What to do >>
Your copy must hold all of the data below, unchanged and without images.

Provided data >>
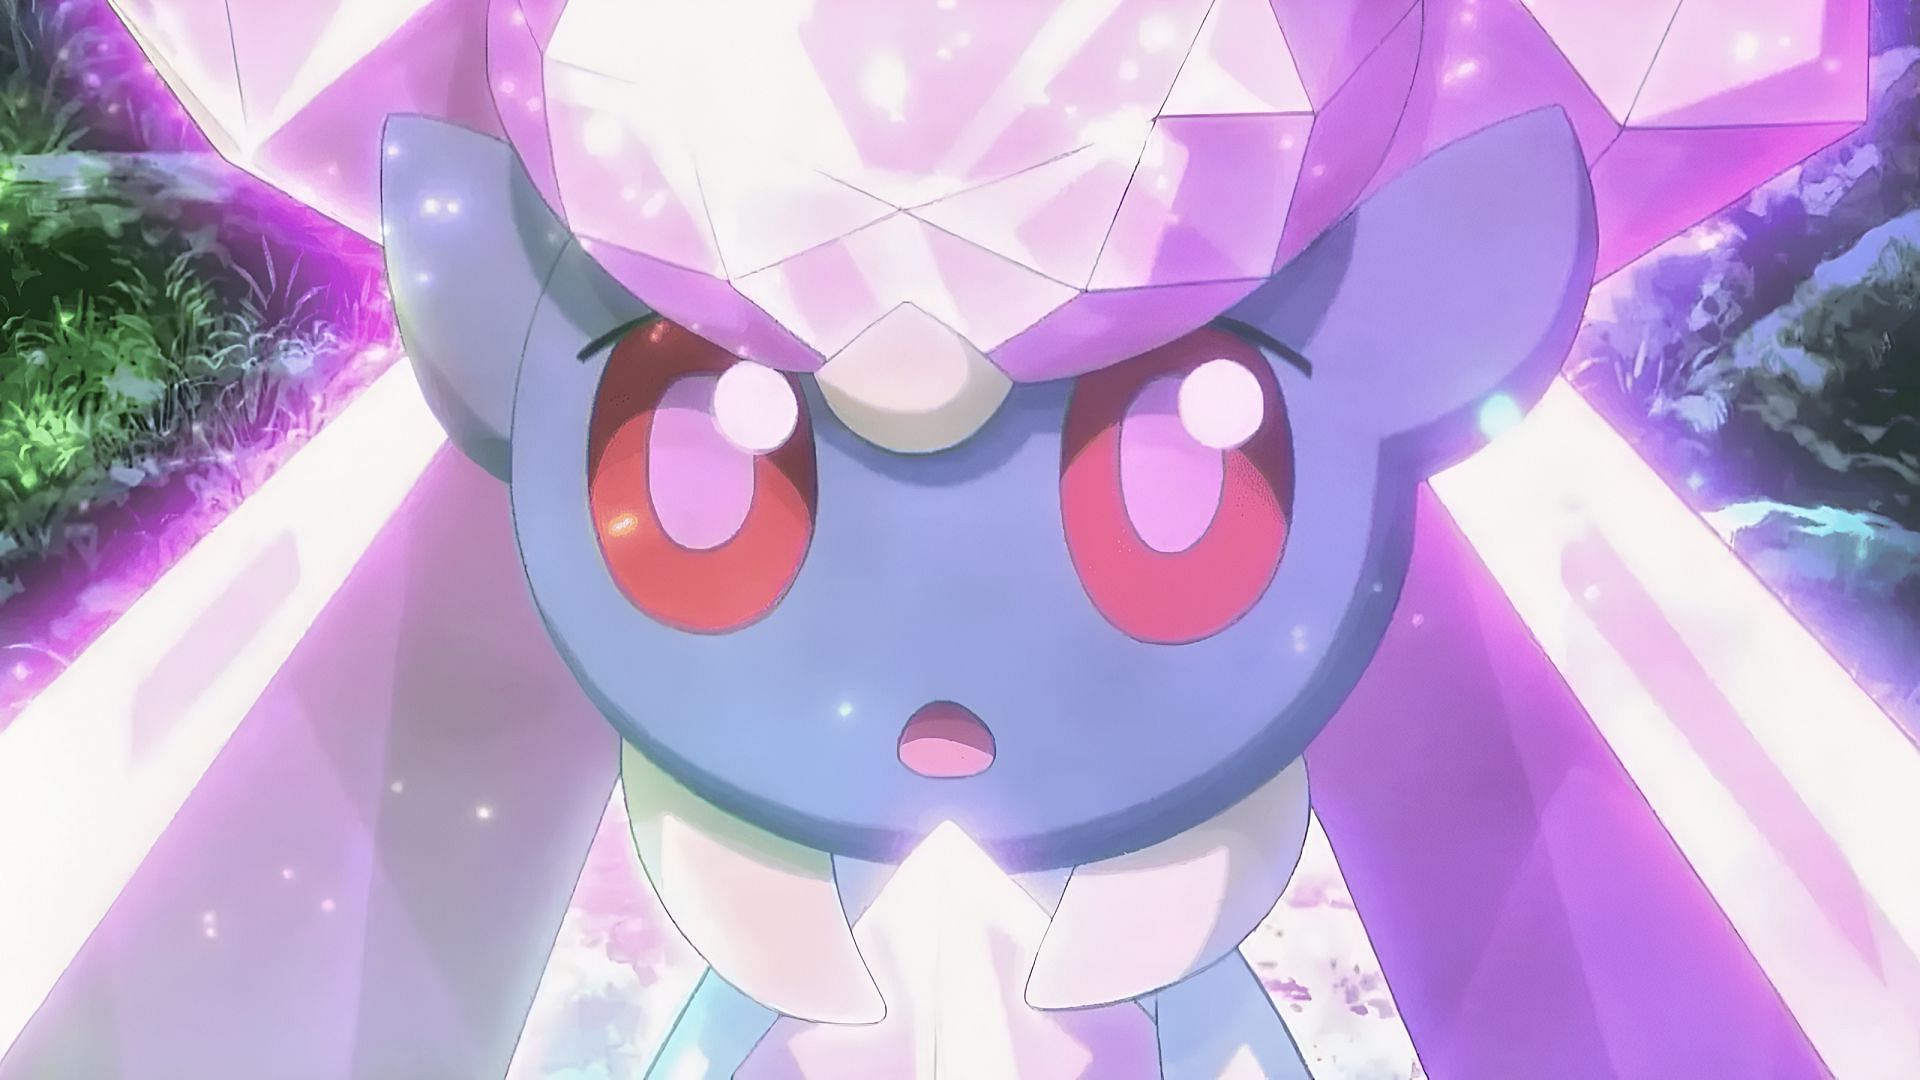 The Mythical Pokemon Diancie may arrive during Pokemon GO Fest 2023 according to leaks (Image via The Pokemon Company)
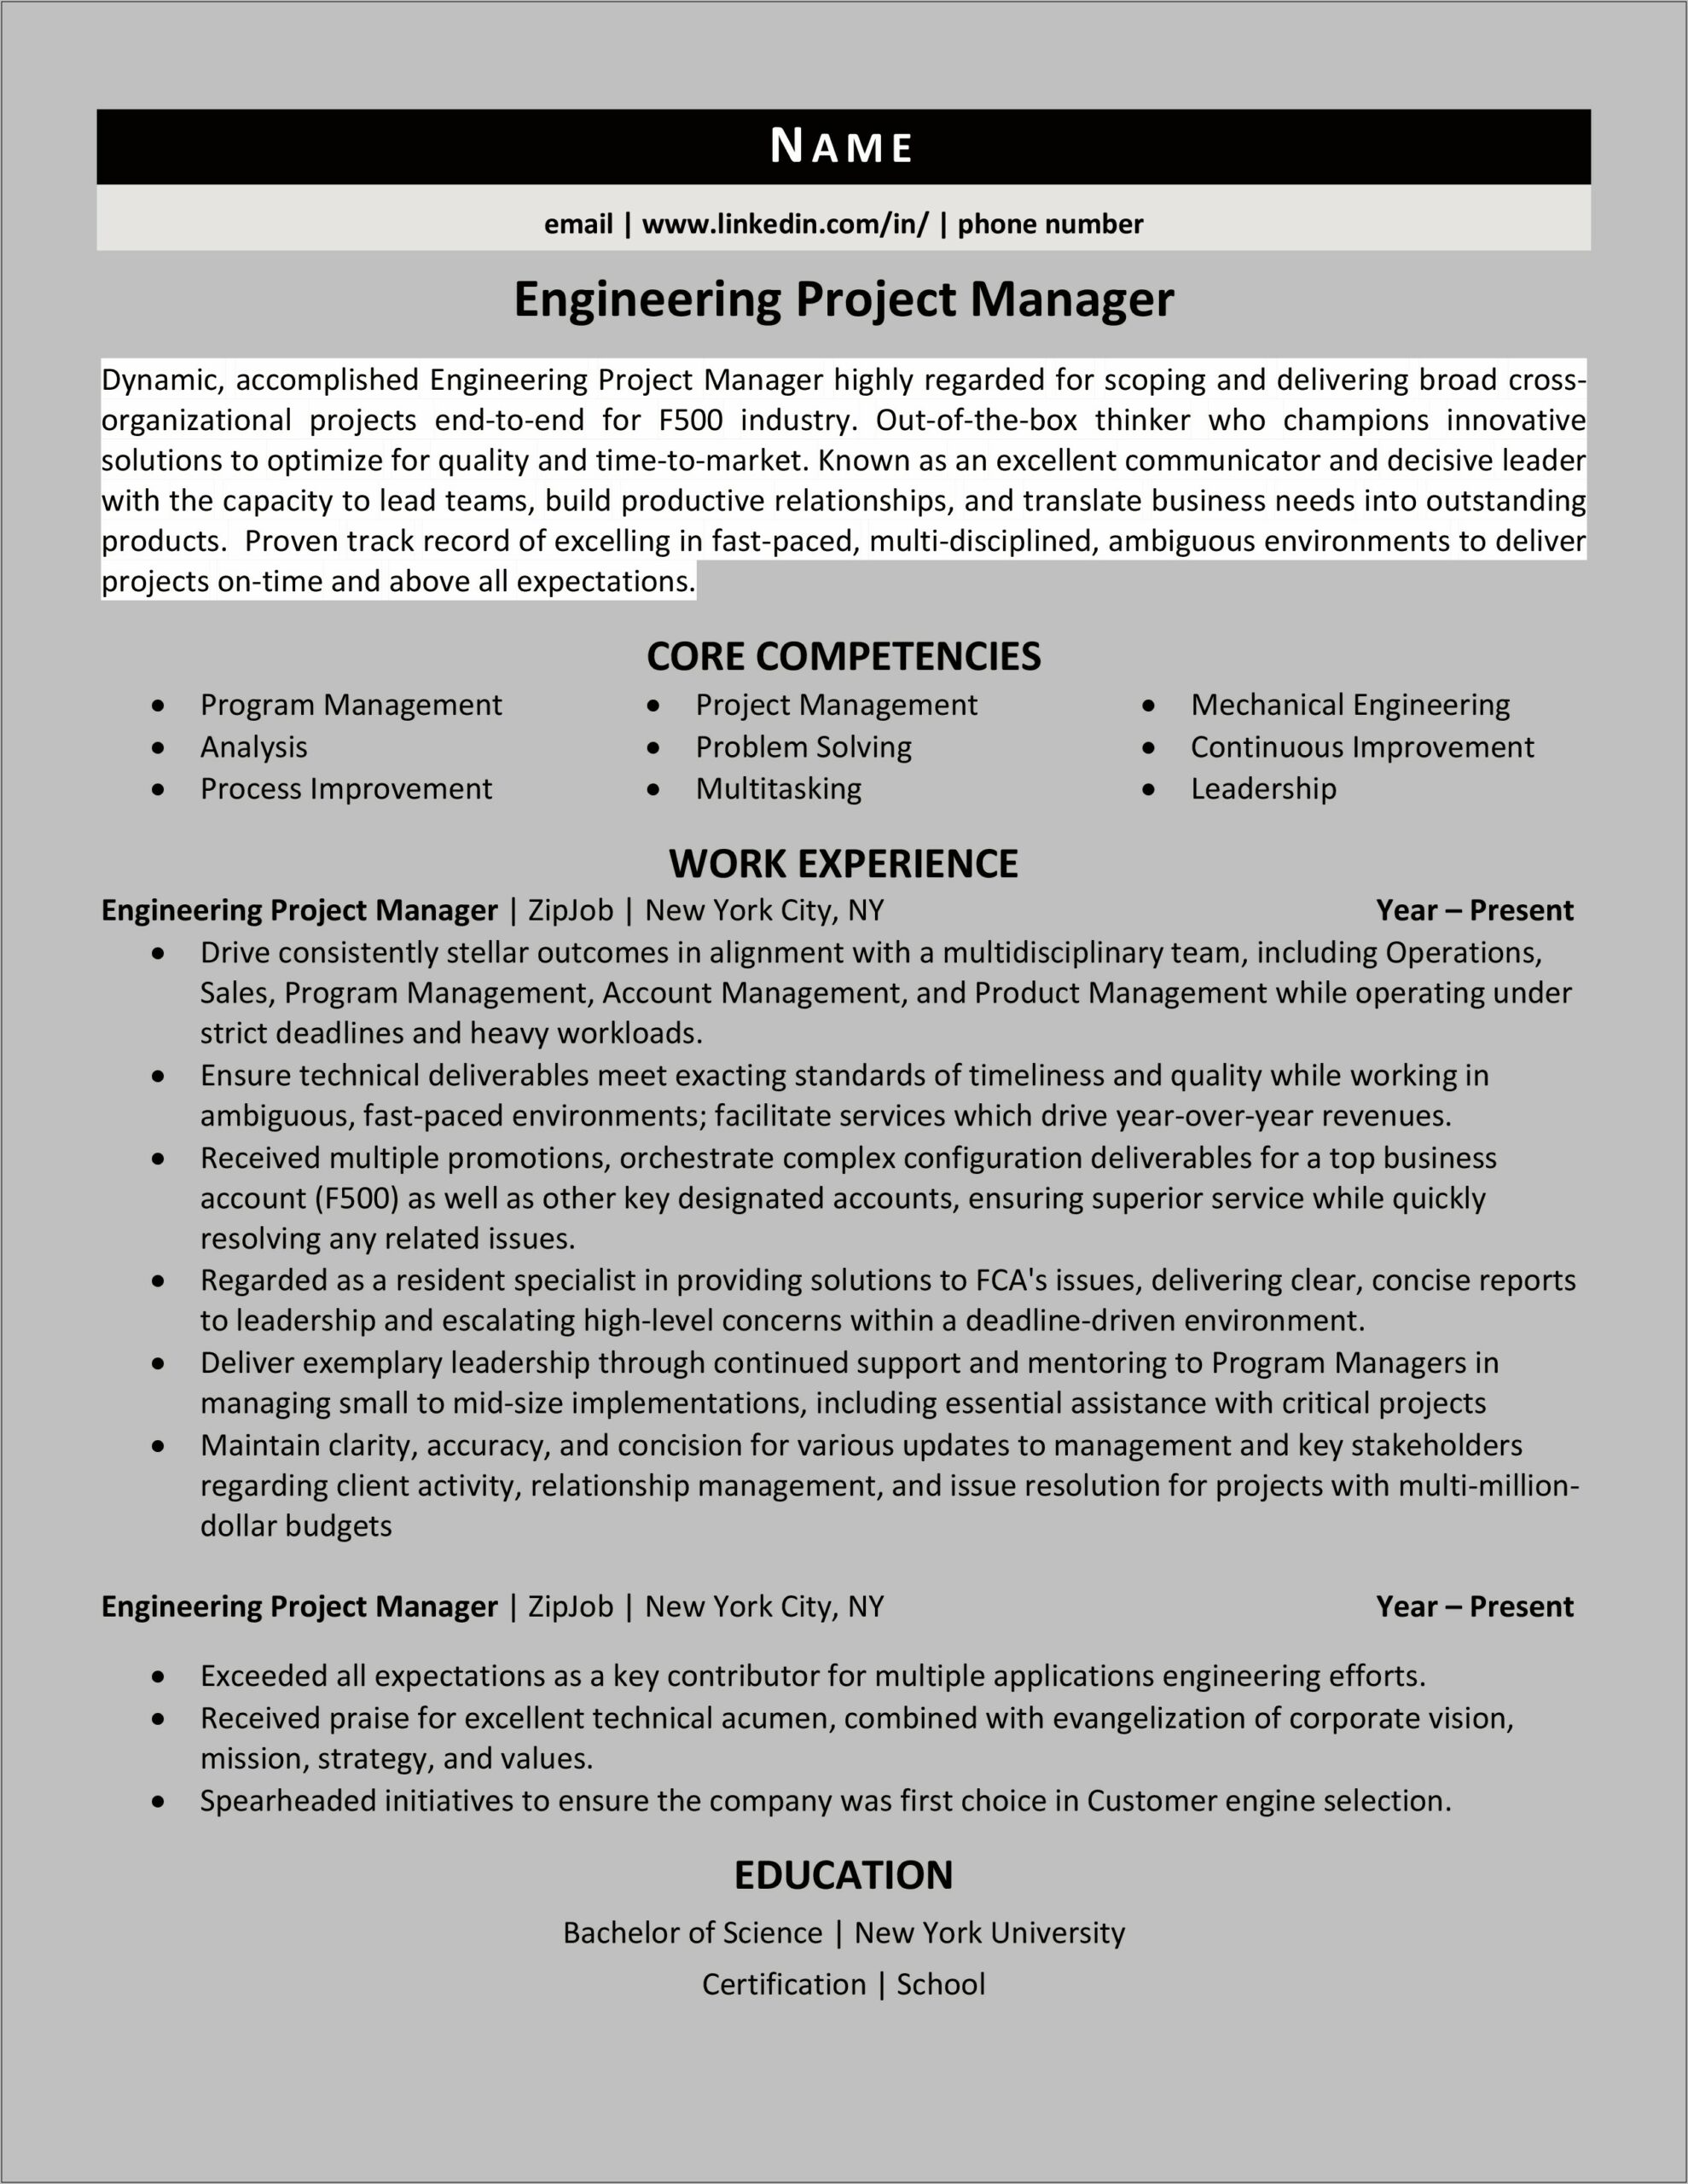 Process Improvement Project Manager Resume
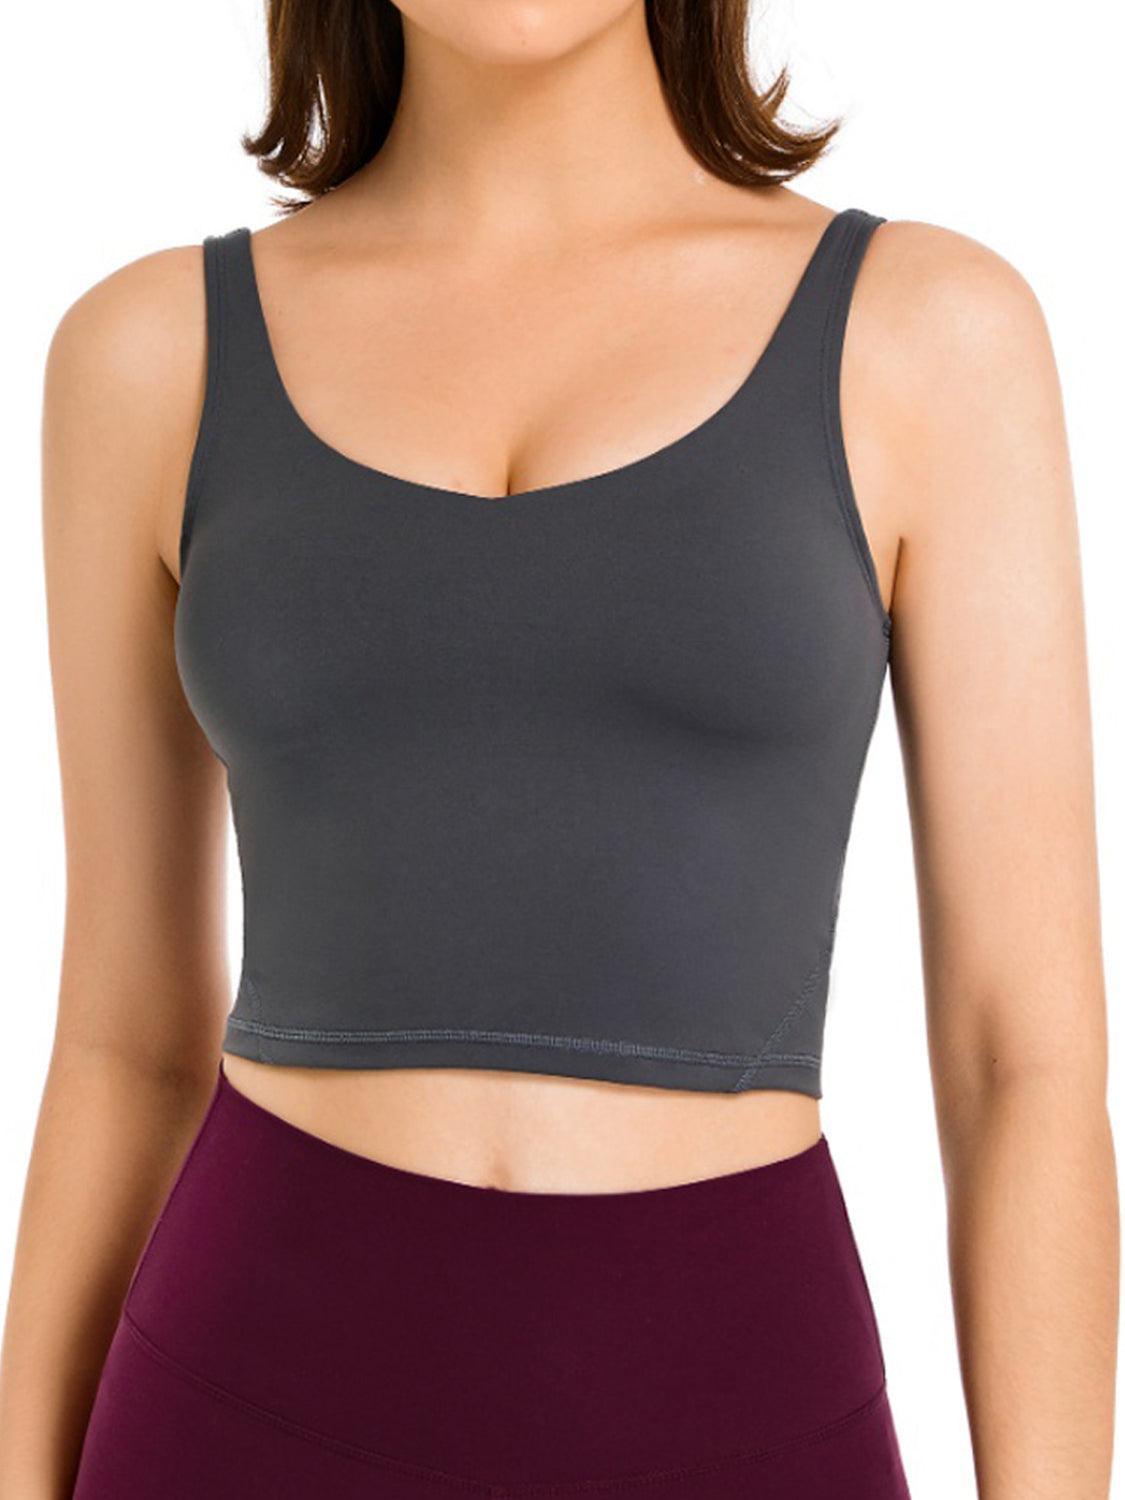 a woman wearing a gray crop top and maroon skirt

Answer below >>
 The Mythical Pokemon Diancie may arrive during Pokemon GO Fest 2023 according to leaks (Image via The Pokemon Company)
 Process Improvement Project Manager Resume
 a woman wearing a gray crop top and maroon skirt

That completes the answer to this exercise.